> _What the task requires_
Print the listing below a second time, exactly, and omit its images.

> _Information supplied_
--*--
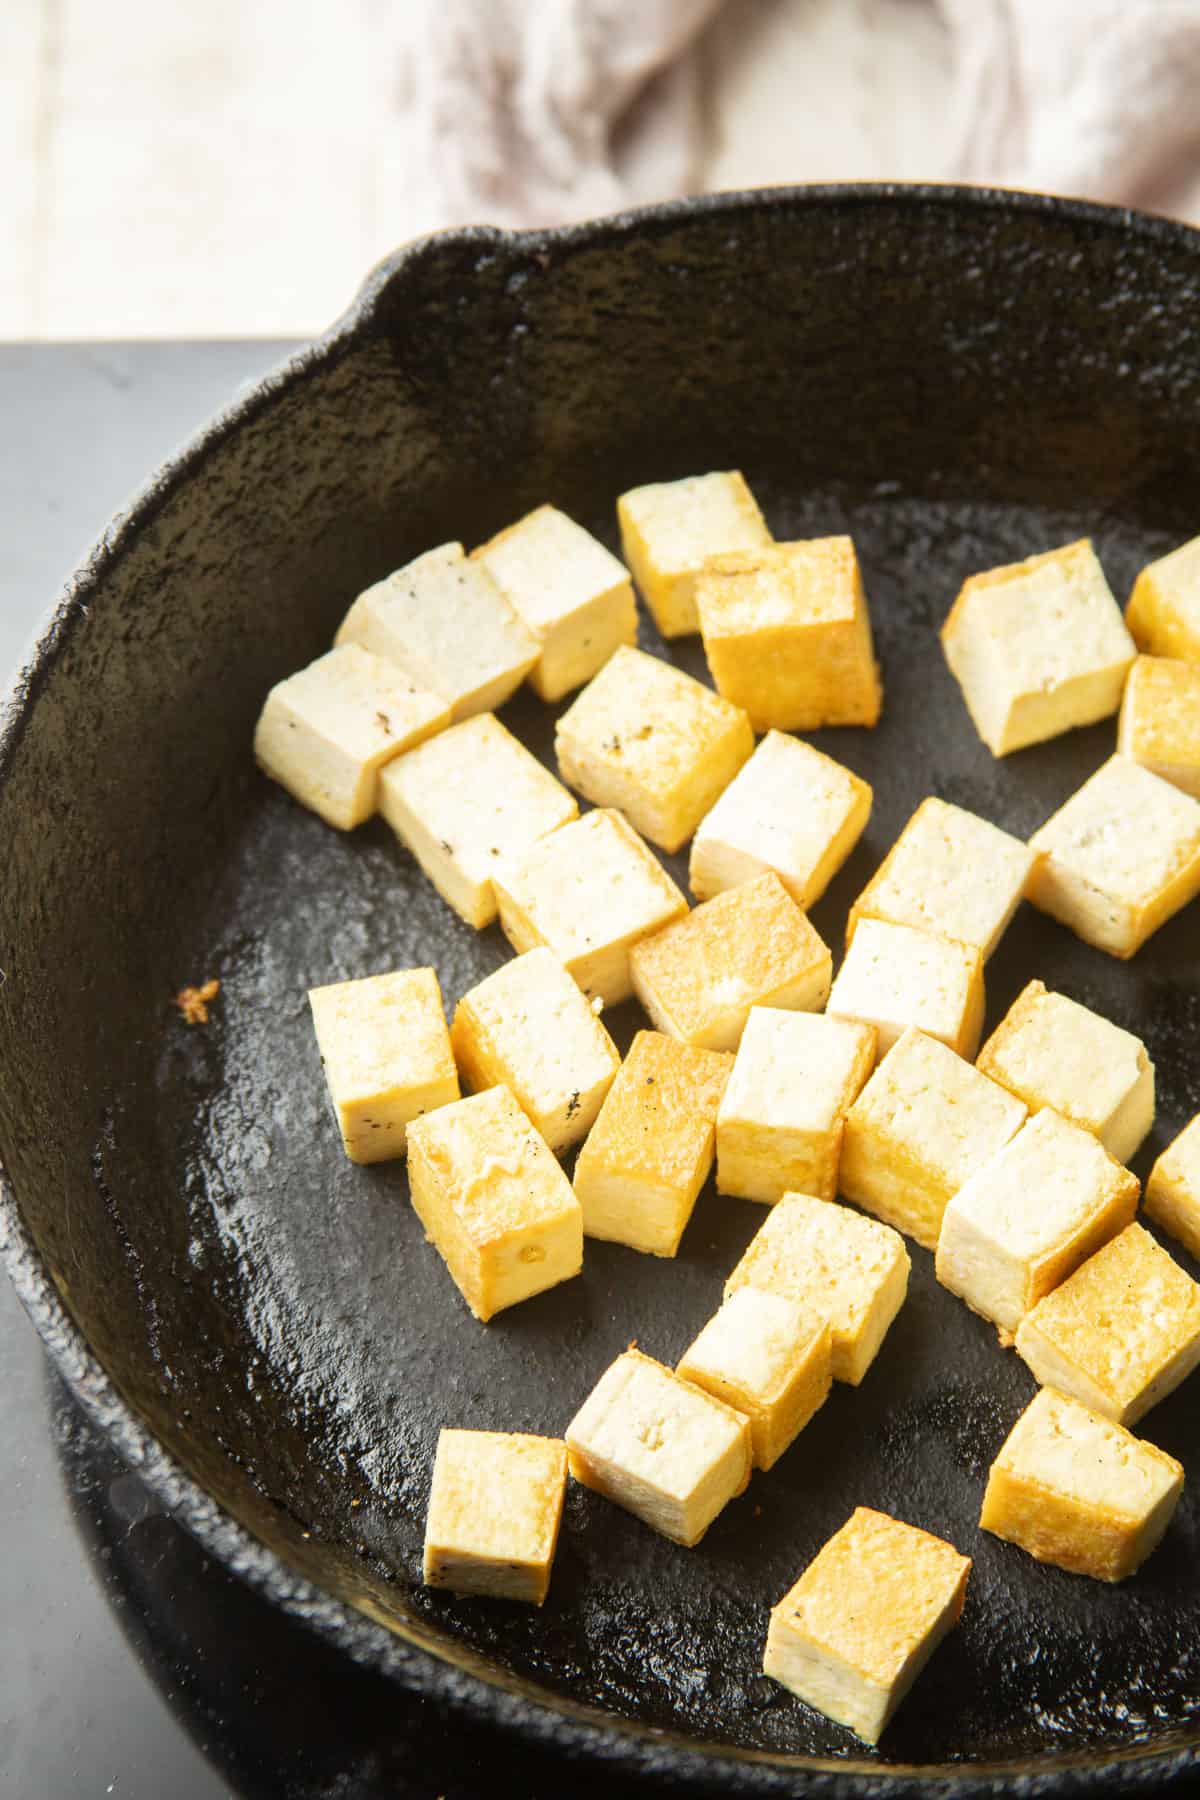 Tofu cubes cooking in a skillet.
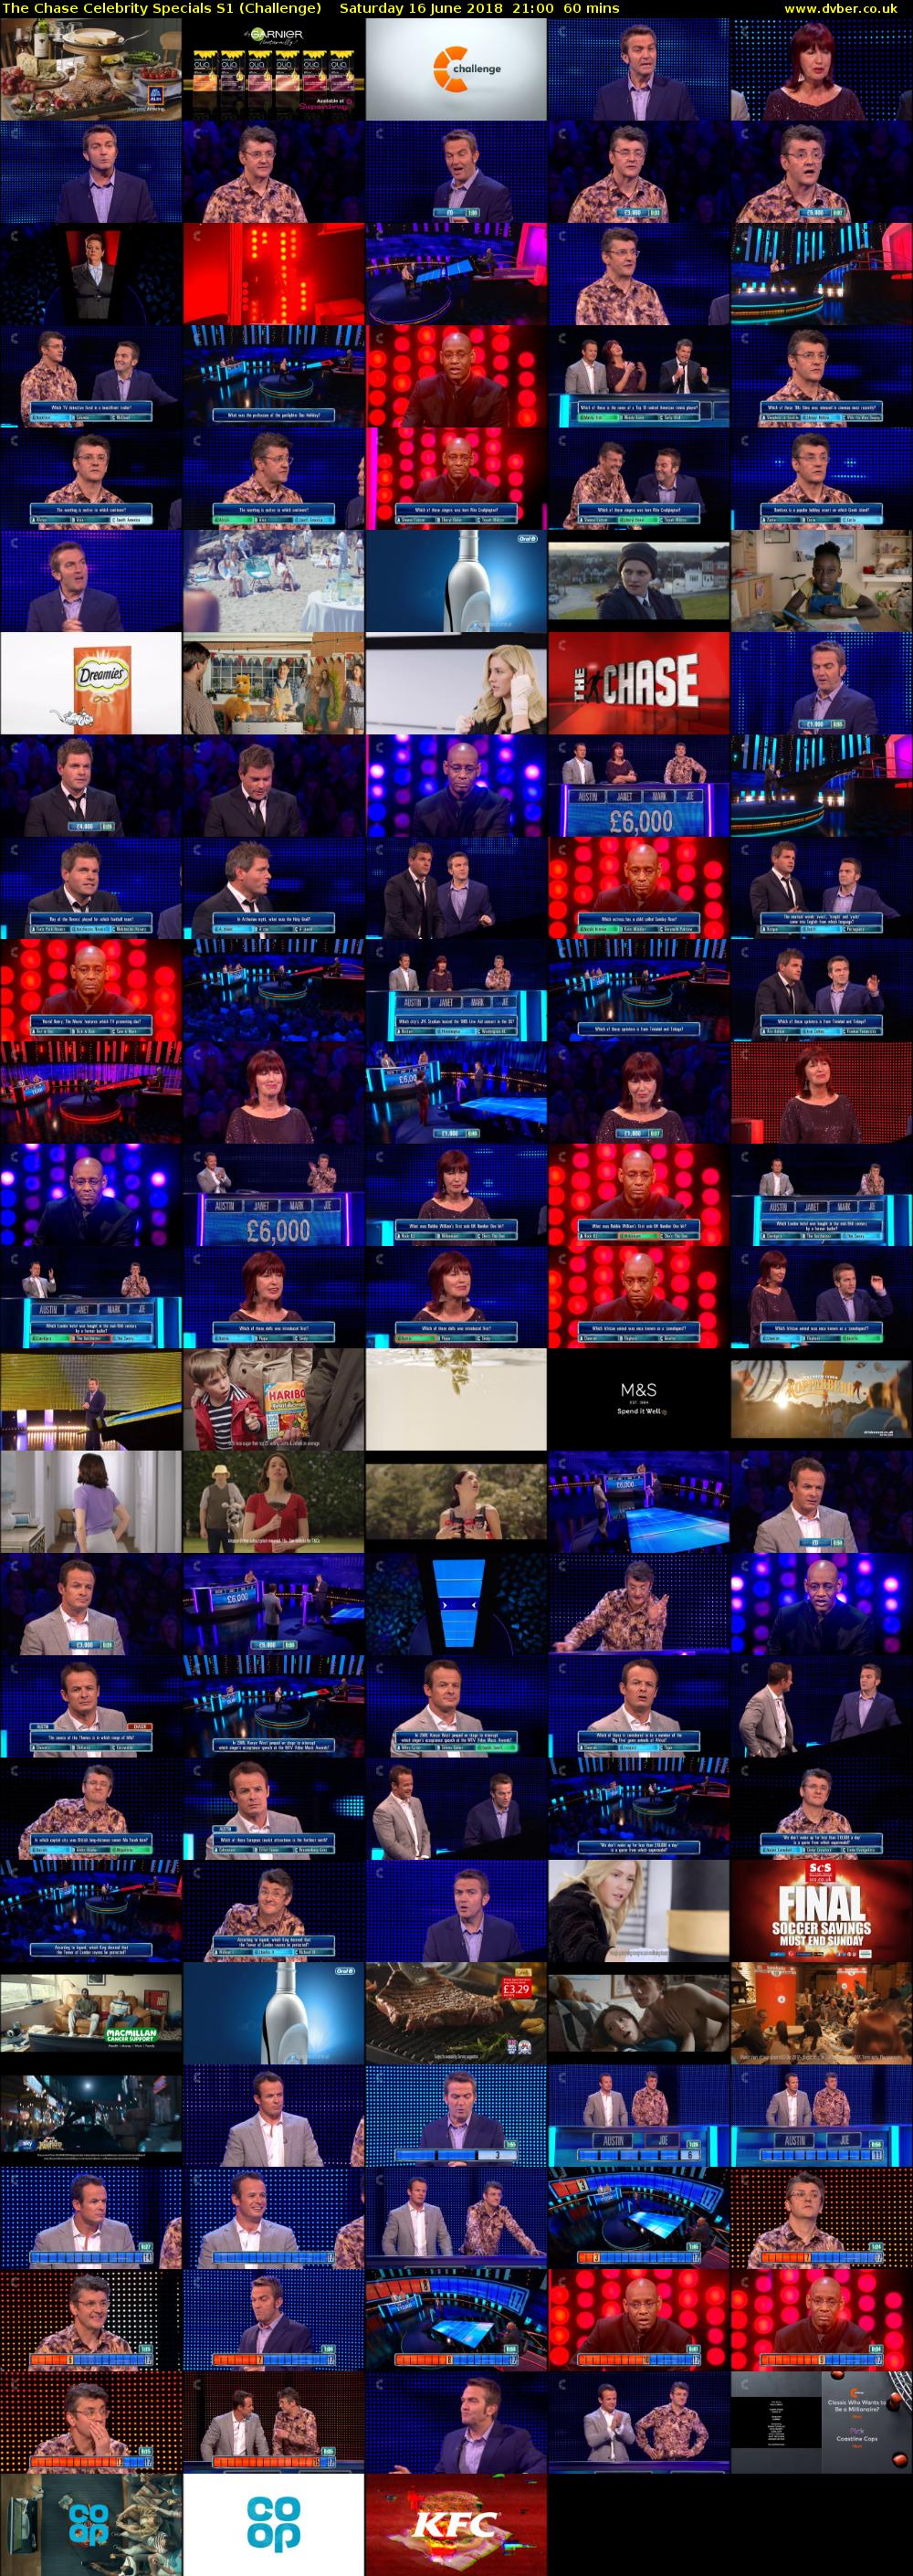 The Chase Celebrity Specials S1 (Challenge) Saturday 16 June 2018 21:00 - 22:00
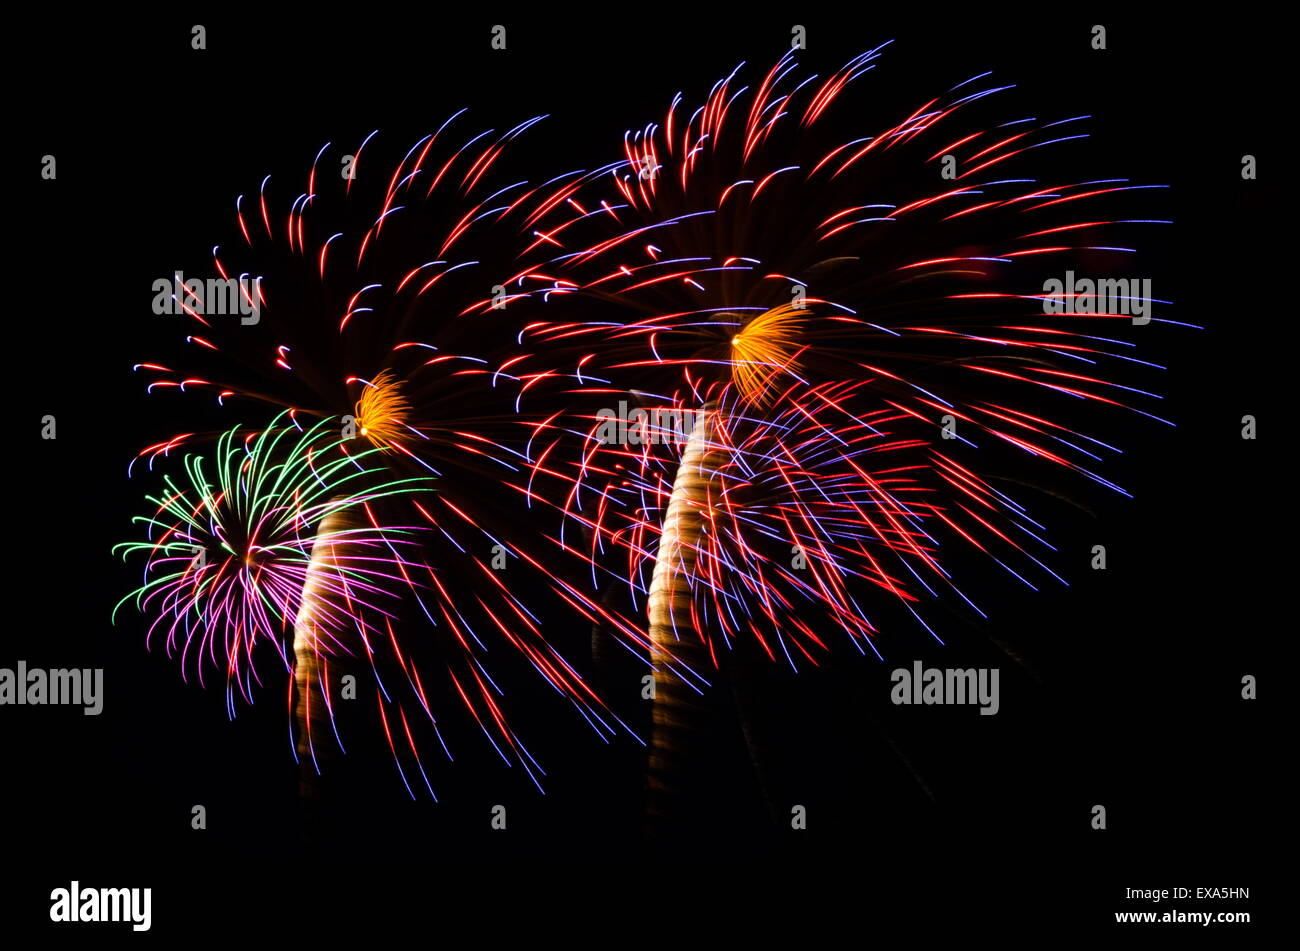 An image of exploding fireworks at night. Represents a celebration. Stock Photo
--*--
> _Output of the exercise_
 Tofu cubes cooking in a skillet.
 The Chase Celebrity Specials S1 (Challenge) Saturday 16 June 2018 21:00 - 22:00
 An image of exploding fireworks at night. Represents a celebration. Stock Photo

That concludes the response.